We tested models in a multicentre EU/USA observational study cohort of breast cancer patients treated with RT after conservative surgery between 2014 and 2016. We selected a subgroup of patients with RT schedules similar to those for the model’s development: prescribed dose between 40 and 50 Gy, conventional or moderate hypofractionation, and no boost dose. Patients with post-operative fibrosis and atrophy (before RT) were excluded from the analysis.
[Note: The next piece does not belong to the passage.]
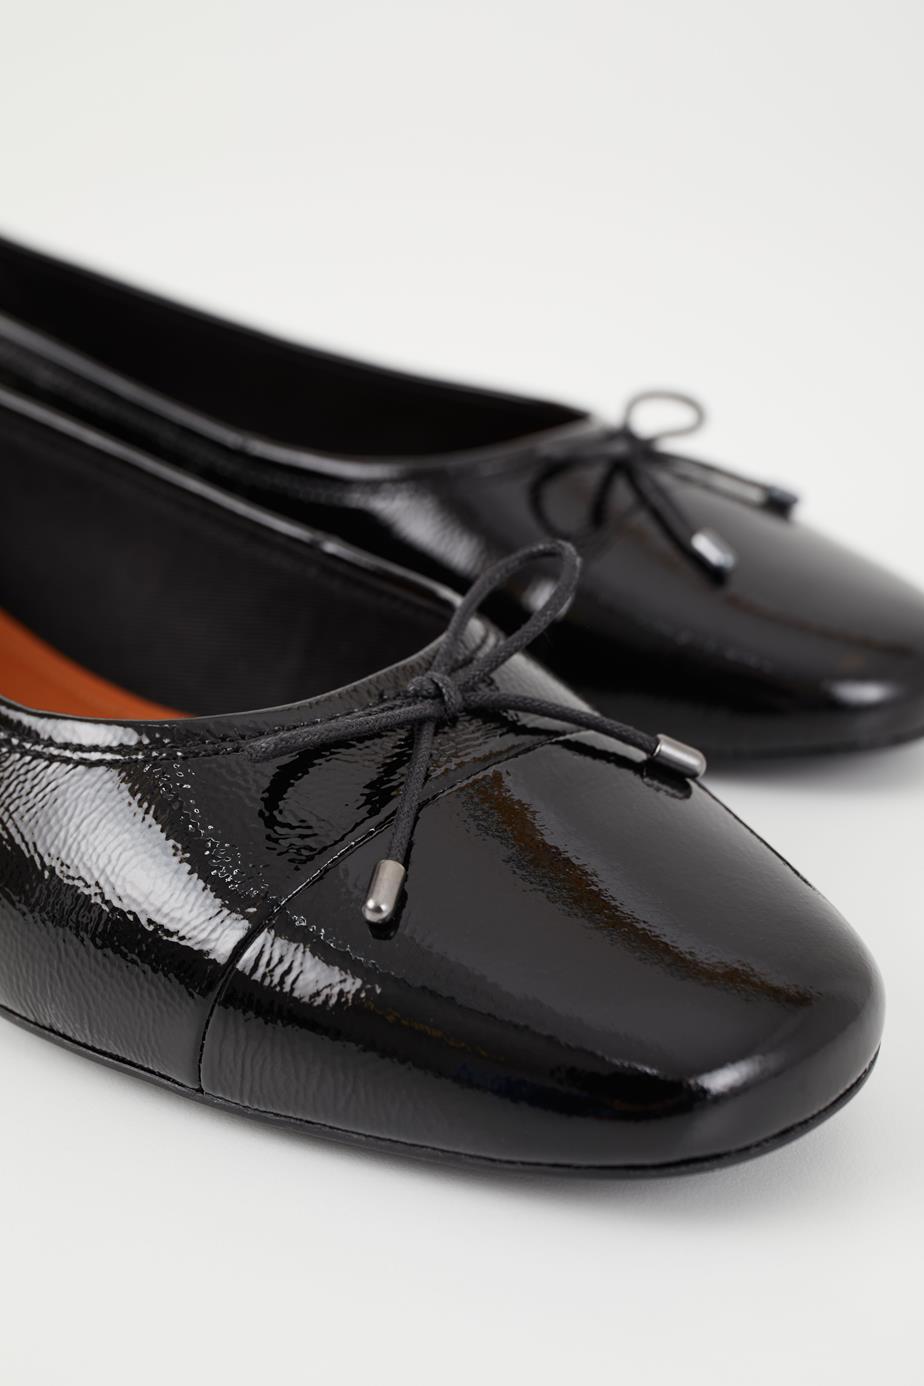 Jolin shoes Black patent leather

We also applied the latency function to the computation of the NTCP risk for Alexander’s model since 5 years of FU data were unavailable for all the patients.
Validation performance was evaluated through the area under the receiver-operating curve (AUC) and the calibration plot's slope and offset (calibration-in-the-large).

Results

A total of 425 patients had RT schedules overlapping with those in the published development cohorts. The Median FU time was 24 (12-60) months. We processed 392 PTV DVHs for the analysis. Thirty-three pts (7.6%) with post-surgery side effects were excluded. Interestingly, only 55% of them continued to manifest symptoms in the late phase after RT suggesting the presence of surgical alterations that are resolved with time despite additional radiation damage.
Fib2+ was scored in 19.2% of the study group, with 15.7% and 3.6% grade 2 and 3 events, respectively. The calibration plots for NTCP models are shown in Fig1: calibration slope and offset of 1.09 and 3% for Avanzo’s model and 1.05 and 1% for Alexander’s NTCP. AUCs were 0.61 (CI +-0.04) in both validations; this index cannot be compared with the development cohorts since it was not reported in publications.

Conclusion

Two NTCP models for moderate/severe radiation-induced fibrosis were externally validated with very good results on a group of patients with RT regimens analogous to the ones of the development cohorts. BEUD based on the dose distribution in the PTV was a robust predictor of the risk for tissue fibrosis. Data are available to test the transferability of the models outside of the considered RT schedules, including the ultrashort breast irradiation and dose boosts.

[Study funded by the EU FP7 programme for research and ERAPerMed]REQUITE was funded from the European Union's 7th FP GA 601826.
RADprecise was funded by the ERA PerMed Network, Reference Number ERAPERMED2018-244.